Sceneggrafia

Daniele chiede a Martina di fare silenzio. Improvvisamente è infastidito dalla sua voce.

Scende dal letto e si avvia in bagno senza dar retta alle sue parole che lo seguono nel corridoio.

— Daniele, cosa ti ho fatto? Perché mi tratti così? Dimmi, perché mi tratti così? Anch’io a volte non ti sopporto. Anch’io ti odio all’improvviso… —

Silenzio. Poi Daniele rientra in camera, le si avvicina e le carezza il volto.

— Non ti odio Martina, mi dài semplicemente fastidio. Perché sei compiacente. Compiaciuta… soffocante. Sei avvolgente e sei eccessiva, e, sinceramente, non ho voglia di fare l’amore con te; e non da oggi, da stasera, o da ora. Da sempre. —

Detto questo le toglie la mano dal viso e si sdraia accanto lei, girato di spalle, lontano.

— Perché dici questo Daniele? Perché vuoi ferirmi… che cos’ho fatto per non farmi amare da te?—

Si sporge verso di lui, poggiata su un braccio coi capelli che le coprono il volto. 

Daniele tace, immobile. Sta pensando di fare un film, e si dice che da quella scena ne trarrà un lungo piano sequenza: «Potrà sostenere tutto il film, basterà dilatare il tempo… riavvolgerlo.» pensa Daniele… monterà al contrario e invertirà le parti; sarà lei a pronunciare ciò che dice lui.

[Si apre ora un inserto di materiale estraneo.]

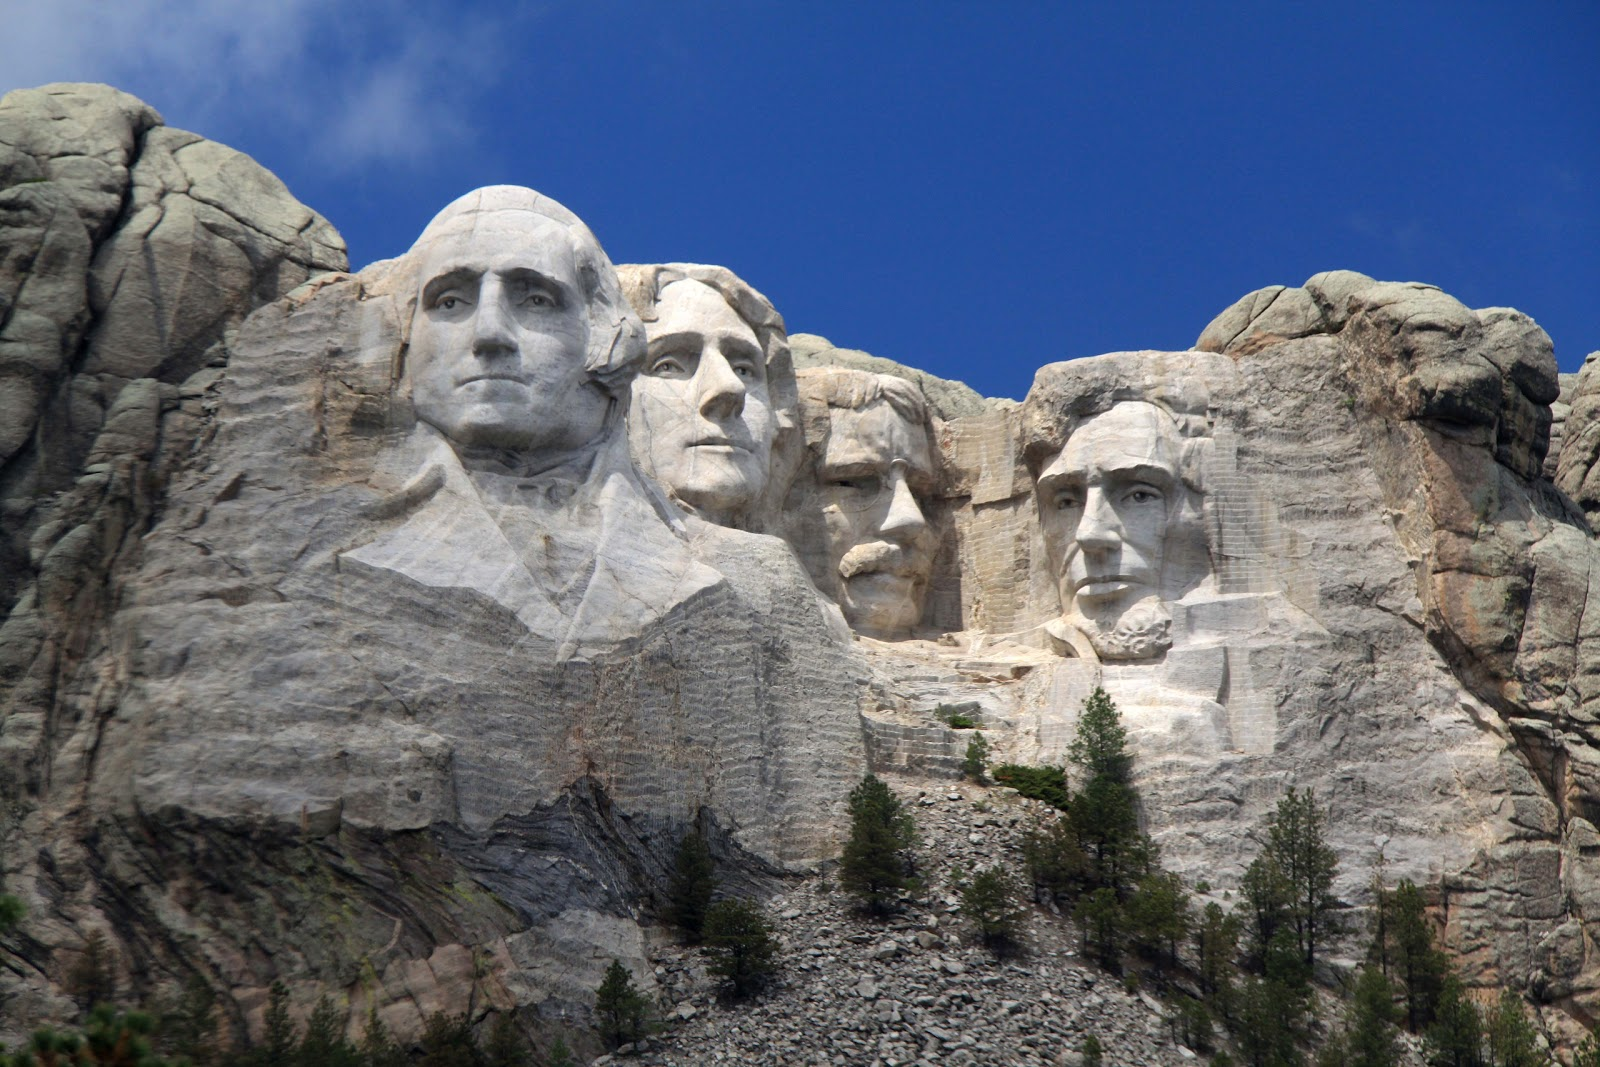 Complètement à l'ouest... pour 6 mois!: Le Mont Rushmore Rushmore

Intanto, silenziosamente, Martina si è spostata e ora incombe su Daniele con una posa tragica e il viso pallido.

— Daniele, ti prego, guardami. Daniele, facciamo l’amore ancora una volta… non puoi… non devi lasciarmi così. — 

Girandosi sul fianco Daniele la osserva; è incuriosito da come Martina dice quelle parole. Sa che dovrebbe risponderle, la scena lo esige, ma sente il proprio pensiero sospeso… capisce di fare parte del film mentre al contempo ne sta ideando la sceneggiatura. 

Cerca di afferrare l’idea di quello che gli appare come una specie di paradosso temporale. Ma gli sfugge, come uno dei tanti bozzetti che la sua mente tratteggia continuamente, senza lasciare una traccia, ma un vuoto che lo costringe ad agire, ad uscire dall’ideazione del gesto per entrarne nell’azione, essere movimento, ignaro di sé e del quadro attorno.

Repentinamente afferra la nuca Martina e coi pollici le copre gli occhi, le bacia quel naso che aveva ritenuto grazioso e francese, le sfiora le labbra un po’ secche, che bruciano.


Ora Daniele e Martina sono una sull’altro e lui si lascia dominare dalla passione di lei. «Siamo silhouette», pensa Daniele, «siamo ombre proiettate» riflette …«prima del cinema» grazie a quella piccola abatjour. 

Martina è prossima a godere, si muove sempre più velocemente e lo avvolge. Un sorriso in primo piano sulle labbra di Daniele che, tra un singhiozzo e l’altro del corpo di Martina, le domanda con voce stentorea — Scusa… sai… indicarmi… l’uscita più vicina?

Martina rallenta e si ferma, il busto che lentamente s’inarca all’indietro, come se un proiettile l’avesse colpita al rallentatore.

Apre la bocca ma senz’aria mima solo la domanda. Le parole di Daniele, non ancora dissolte, le azzannano il ventre e Martina crolla avanti, senza più fili.

— Sì… voglio dire… da te si può anche uscire… o solamente entrare? — 

Incalza lui, sorridendo freddamente mentre i suoi occhi mettono a fuoco il soffitto oltre lei.